To run the LDA tools, an installation of Mallet 2.0 is required, which is available here. The current code has been tested with Mallet version 2.0.8-RC3

Basic Usage

Before applying topic modeling to a corpus, the first step is to pre-process the corpus and store it in a suitable format. The script 'parse-text.py' can be used to parse a directory of plain text documents. Here, we parse all .txt files in the directory or sub-directories of 'data/sample'. The output files will also have the prefix 'sample'.

python parse-text.py data/sample/ -o sample

The output will be a number of Joblib binary files, with the main corpus file being named 'sample.pkl'.

If we are interested in applying topic modelling based on Non-negative Matrix Factorization (NMF), we next generate a reference set of topics on the pre-processed corpus by using the script 'reference-nmf.py'. Our initial estimate for a range for the number of topics (k) for our corpus is between 2 and 8.

python reference-nmf.py sample.pkl --kmin 2 --kmax 8 -o reference-nmf/

The output of the process above will be 7 sub-directories of 'reference-nmf', each containing a reference topic model for a different value of k.

Next, we generate a set of 50 "standard" topic models for each value of k using 'generate-nmf.py'. Again we specify the range of candidates values for k to be [2,8].

python generate-nmf.py sample.pkl --kmin 2 --kmax 8 -r 50 -o topic-nmf/

The output of this process will be 7 sub-directories of 'topic-nmf', each containing 50 topic modeling results for a different value of k (e.g. 'topic-nmf/nmf_k08/' contains results for k=8). The term rankings for each result are stored in separate files in these sub-directories (e.g. 'topic-nmf/nmf_k08/ranks_1000_050.pkl').

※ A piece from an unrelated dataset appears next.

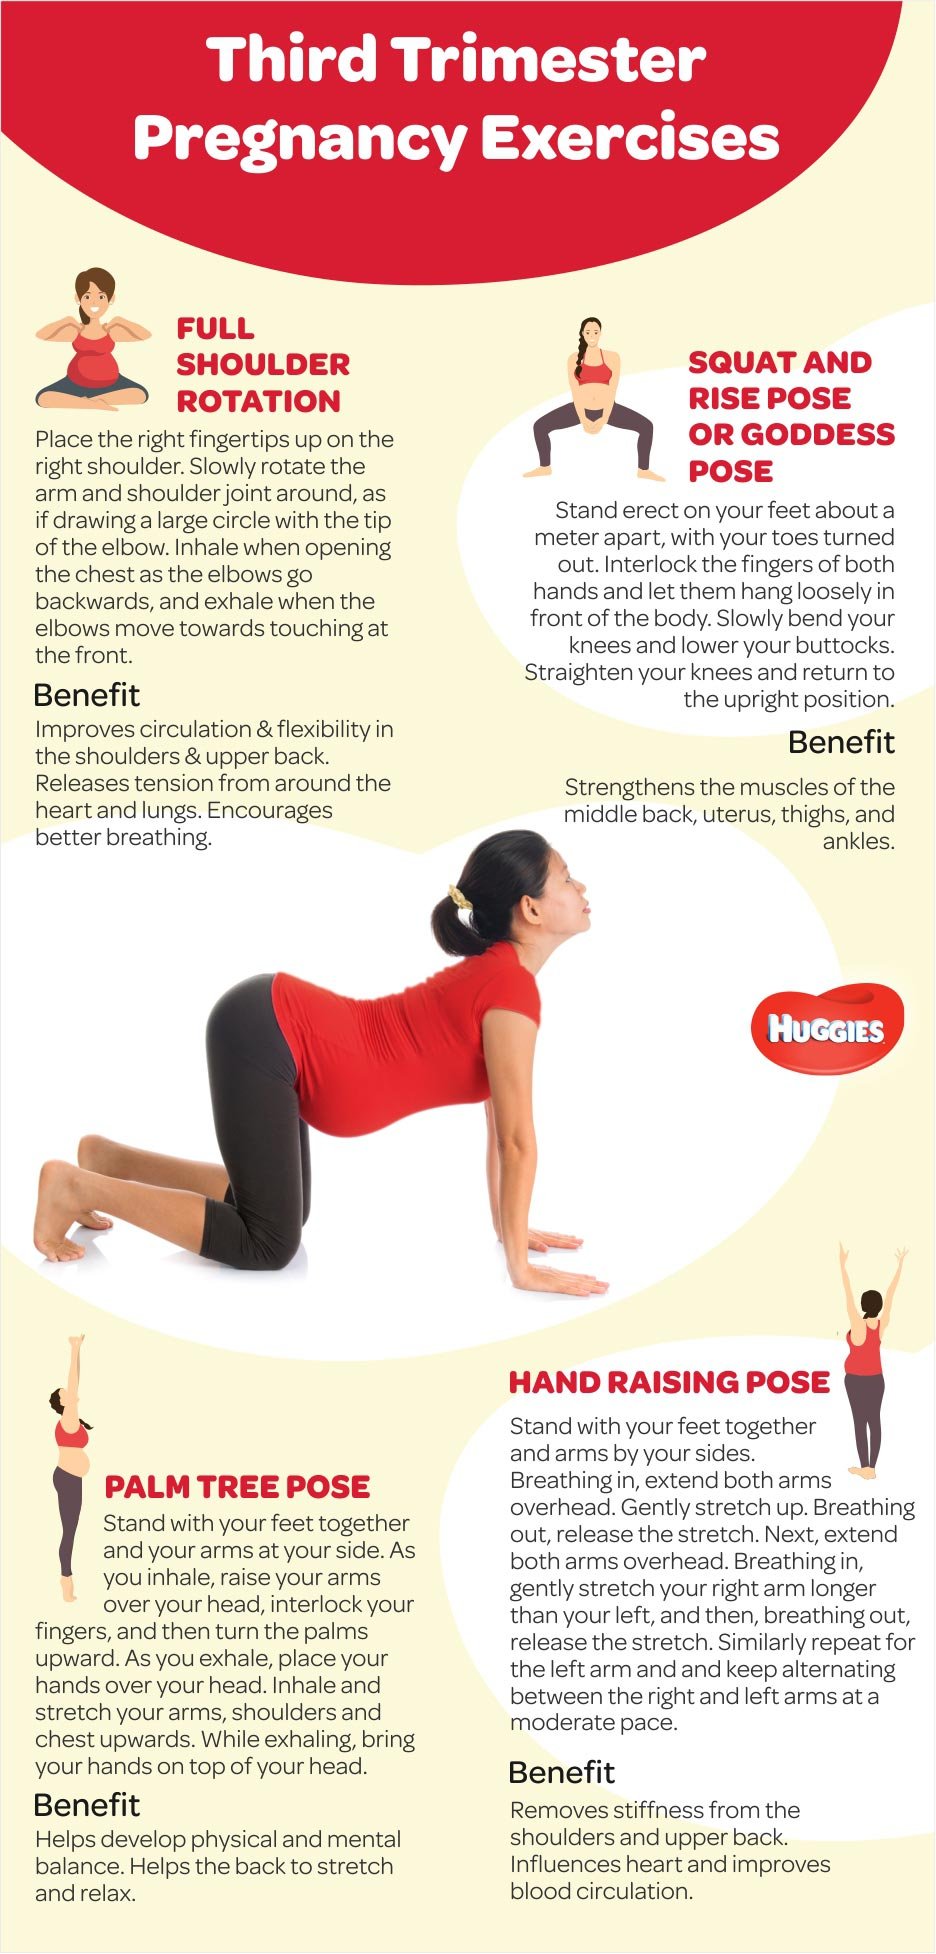 Yoga Poses and Practices to Avoid During Pregnancy - DoYou

Once all topic models have been generated, to evaluate the stability of a specific value of k, use the 'topic-stability.py' tool. The required arguments for the tool are the reference ranks file, followed by the list of topic model rank files for the same value of k. For instance, to evaluate the stability for k=2 using the top 20 terms from the rankings generated as per above, run:

python topic-stability.py -t 20 reference-nmf/nmf_k02/ranks_reference.pkl topic-nmf/nmf_k02/ranks*

Other Algorithms

This package also includes tools to apply stability analysis for other topic modeling approaches. Stability model selection is performed in an analogous way to that described for NMF above.

Latent Dirichlet Allocation (LDA)

A wrapper is included for the LDA implementation from the Mallet toolkit. Note that the path to the main Mallet script file needs to be passed as a parameter when running LDA. Specify the option '--rerank' to re-rank terms using the method proposed by Blei and Lafferty (2009).

python reference-lda.py sample.pkl --kmin 2 --kmax 8 --rerank -o reference-lda -p ./mallet/bin/mallet
python generate-lda.py sample.pkl --kmin 2 --kmax 8 -r 50 --rerank -o topic-lda/ -p ./mallet/bin/mallet

As for NMF, to evaluate the stability of LDA for k=2 using the top 20 terms from the rankings generated as per above, run:

python topic-stability.py -t 20 reference-lda/lda_k02/ranks_reference.pkl topic-lda/lda_k02/ranks*

Utility Tools

A number of other utility tools are included in the package:

  • 'display-topics.py': Simple tool to display term rankings stored in one or more PKL files.
  • 'validate-topics.py': Compare term rankings, with "gold standard" term rankings coming from a set of ground truth classes associated with a given corpus.
  • 'convert-pkl2mtx.py': Convert a previously pre-processed corpus, stored in binary Joblib (PKL) format, into a plain text format for use with other tools.